First, we should get to know the full story of St. Mary of Egypt. It’s a stunningly beautiful narrative, especially as St. Sophronius tells it from the point of view of St. Zosimas, who meets Mary in the desert after she has spent some 47 years in repentance and is able to work rather unselfconcsious miracles like walking on water or levitating in prayer. She who had spent 17 years in great sin is able to become one of the greatest of the saints. This means that, if there was hope for her, there is hope for everyone.

But more deeply, as we preach Christ to our family, friends and co-workers, we emphasize that Christ is One Who suffered for us so that we might be released from our sins and be resurrected from the dead.

So many people have an image of God that is of some old man sitting on a throne up in the sky and judging them for everything they do. They feel that Christianity is about condemnation, that it is about moralism. But these people need to hear that the true story of Christianity is of the God Who became one of us so that He would suffer as one of us, so that in His own flesh He would destroy sin itself. He did not come into this world to condemn the world but to save it (John 3:17).

What if, when Mary of Egypt approached the Lord’s mother and began her repentance, what she received was judgment and condemnation for the way she had been living? It probably would not have been the same story.

But when she approached, she was received. She was loved. She drew near to the Cross of Jesus and knew the God-man Who had been delivered up to condemnation, to mocking, scourging, spitting and even to death itself.

And this is the Jesus Whom Mary encountered, the Jesus Whom we preach.

This also needs to be the Jesus Whom we are like. When someone comes to us who might resemble Mary of Egypt prior to her conversion—someone we might feel superior to, someone with whom we might feel we have nothing in common, someone we don’t know, someone we don’t like, someone whom we feel doesn’t belong here, someone whom we would prefer weren’t in our lives—that is the moment when we have to be most like Jesus Christ. That is the moment when we, like the Virgin Mary did for Mary of Egypt, extend the love and the hospitality and warmth of Jesus Christ to someone who is hurting, perhaps even unbeknownst to himself.

This is evangelism—that we know these stories and tell these stories, and also that we are able to become part of these stories so that others can be invited in, as well.

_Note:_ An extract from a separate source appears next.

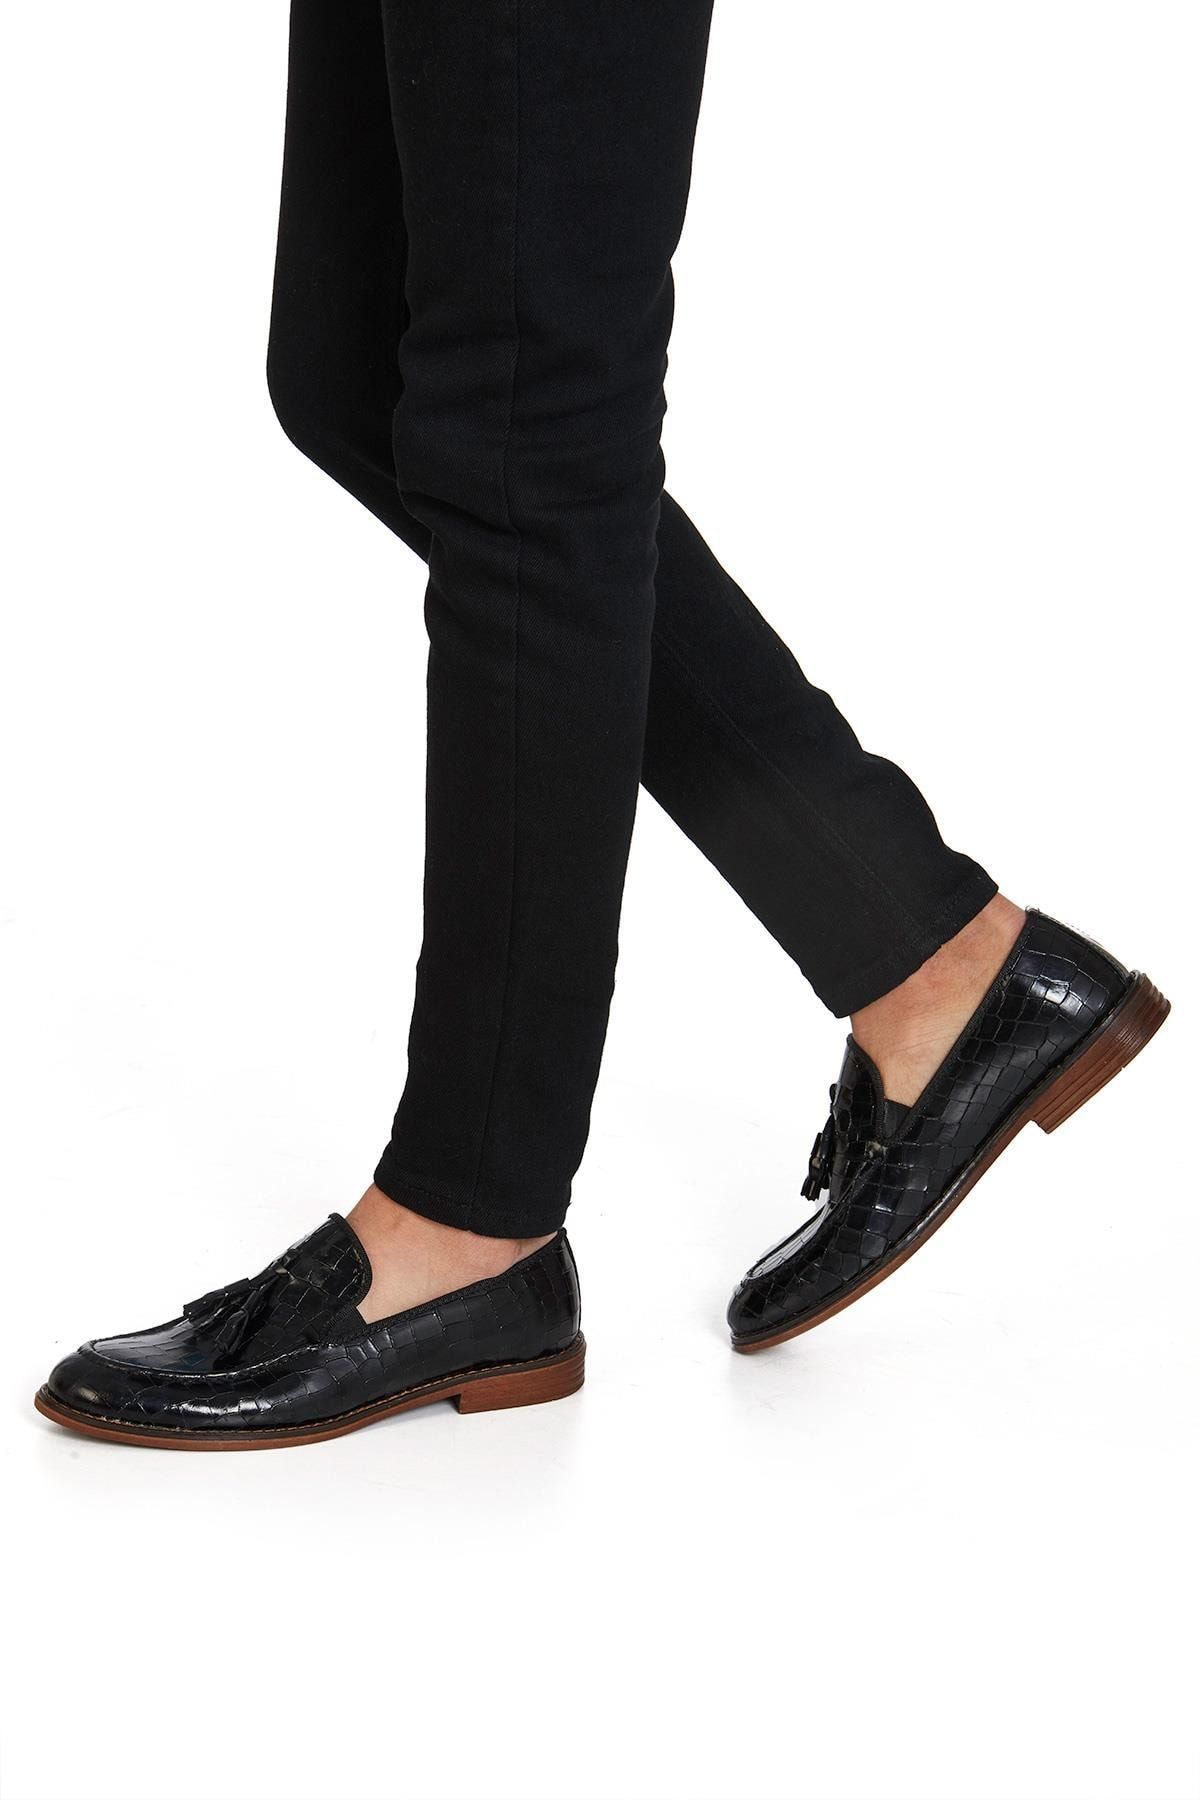 H053 Hakiki Deri Klasik Erkek Ayakkabı
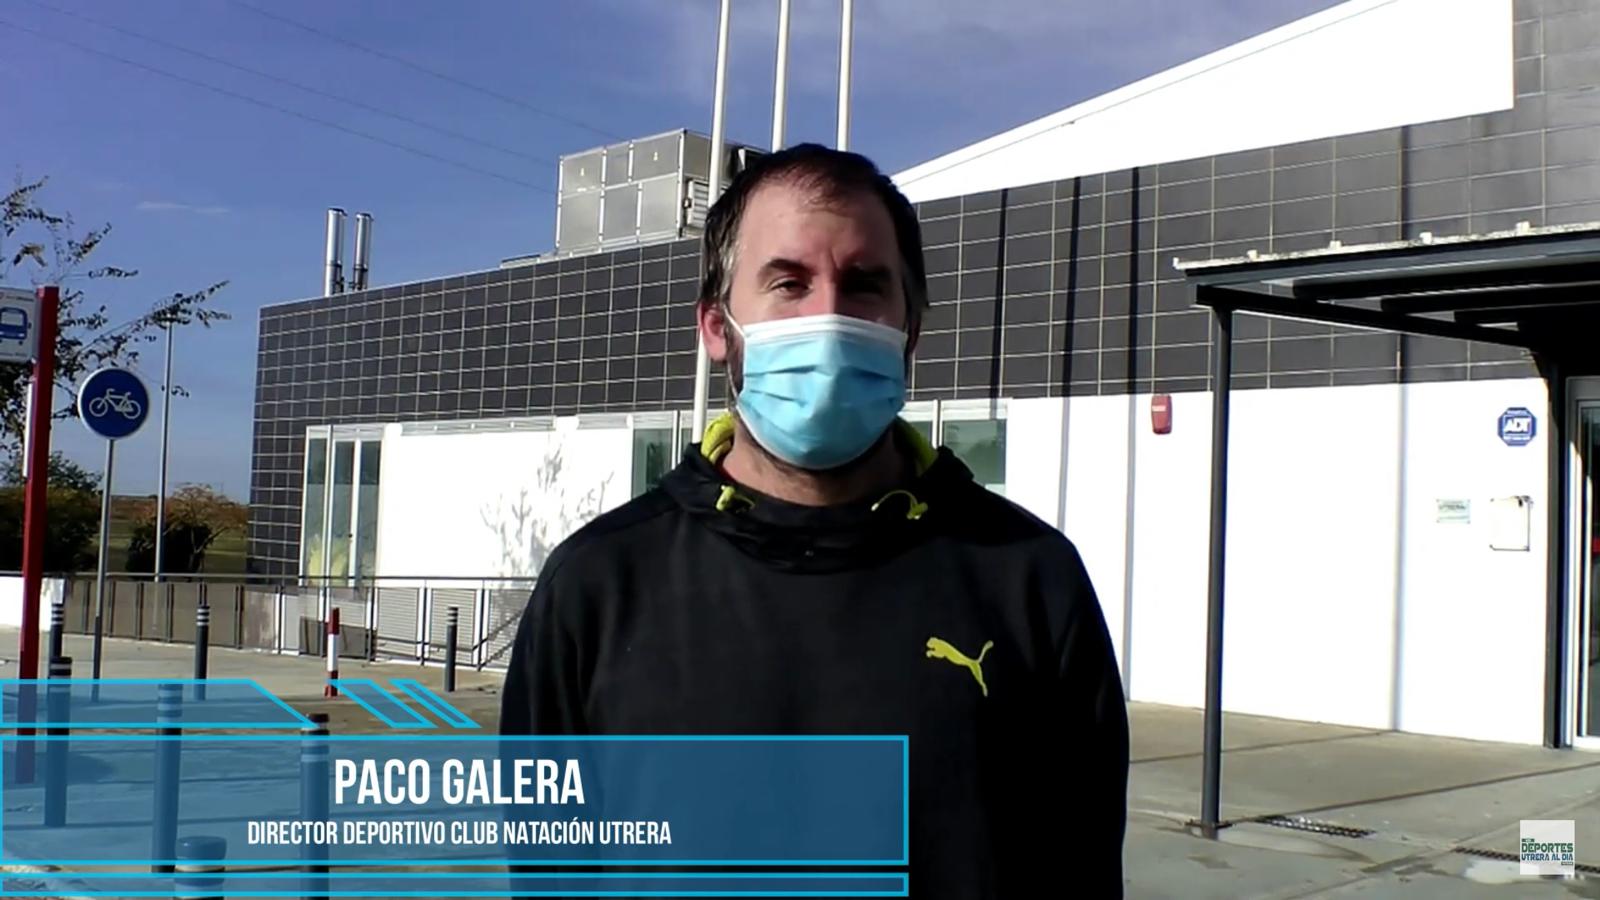 Hablamos con…… Paco Galera, Director Deportivo del Club Natación Utrera que pide la apertura de la piscina

So as we are being equipped for this holy ministry, we ask for the prayers of St. Mary of Egypt, the Mother of our Lord, and of all the saints. Who knows? Perhaps we may introduce the next Mary of Egypt to the Church.

To our suffering and loving God, the Father and the Son and the Holy Spirit, be all glory, honor and worship, now and ever, and unto ages of ages. Amen.

One comment:

  1. Beautiful story Father and beautifully told. So inspiring to see through St. Mary that there is hope for even the worse of sinners.